The consultant showed an illustrative program that blends about 80–90 townhomes and roughly 70 apartments (approximately 20 units per acre under one illustrative plan), with a central roadway spine, trails linking to existing hospital paths, and preserved ravine/open space. Runge said the site’s financial outcomes are sensitive to modest changes in cost or price assumptions — for example, 5% lower costs and 5% higher sales prices substantially improved project returns — and that the site is more likely to proceed if public infrastructure grants and partnerships are available.

Councilor Troy Cribbits, who the meeting identified as both a city councilor and board chair for Bay Area Hospital, said the hospital previously signaled a willingness to “liquefy” the property if doing so advanced the expansion of housing consistent with community goals.
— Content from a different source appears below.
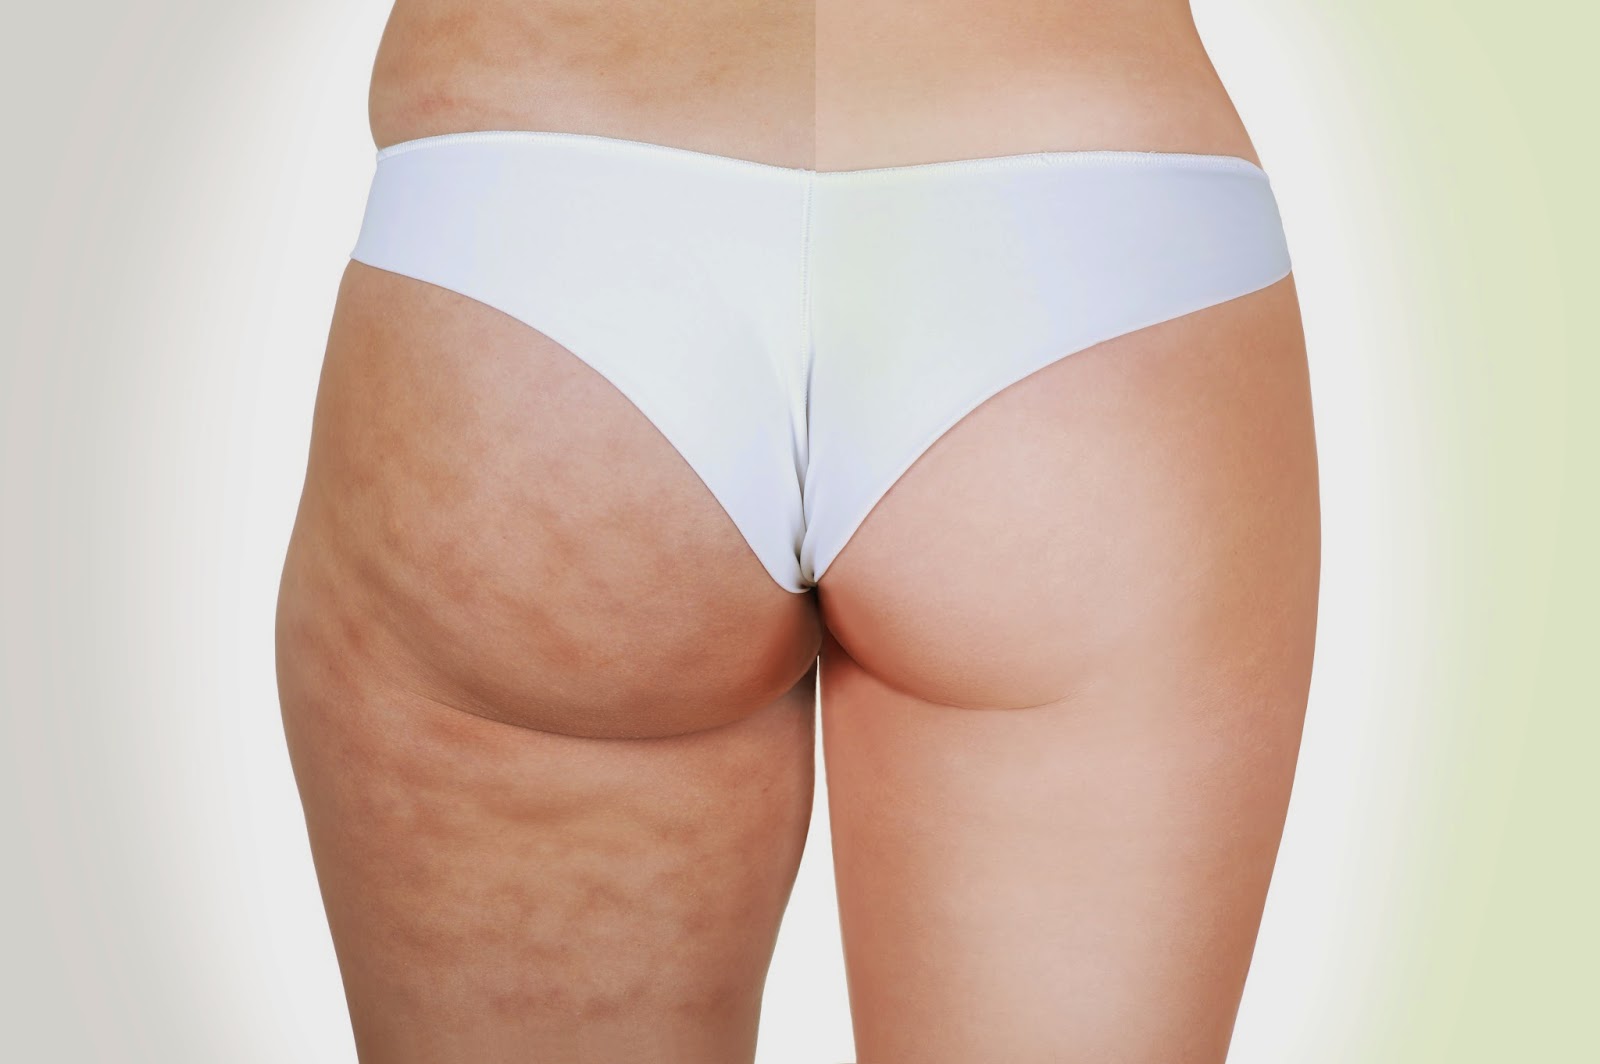 cellulite, before after, tips

Paul Runge and Gretchen (hospital representative on the call) indicated the hospital is open to selling or partnering but would not necessarily develop the land itself.

Chelsea Schnabel, the city’s community development director, said next steps are for the consultant to finalize the preferred alternative and return later this summer or fall with the report for formal acknowledgment by the council and the hospital board.

Discussion at the work session also noted additional steps for pursuing the concept: meet again with North Bend Medical Center about the adjacent parcel, obtain a broker opinion of value, pursue targeted infrastructure funding, and issue a request for proposals or expressions of interest to solicit developer interest and partnering models.

No formal vote or binding decision was taken at the meeting; the item was presented for discussion and direction to finalize a preferred alternative and return for council and hospital board acknowledgement.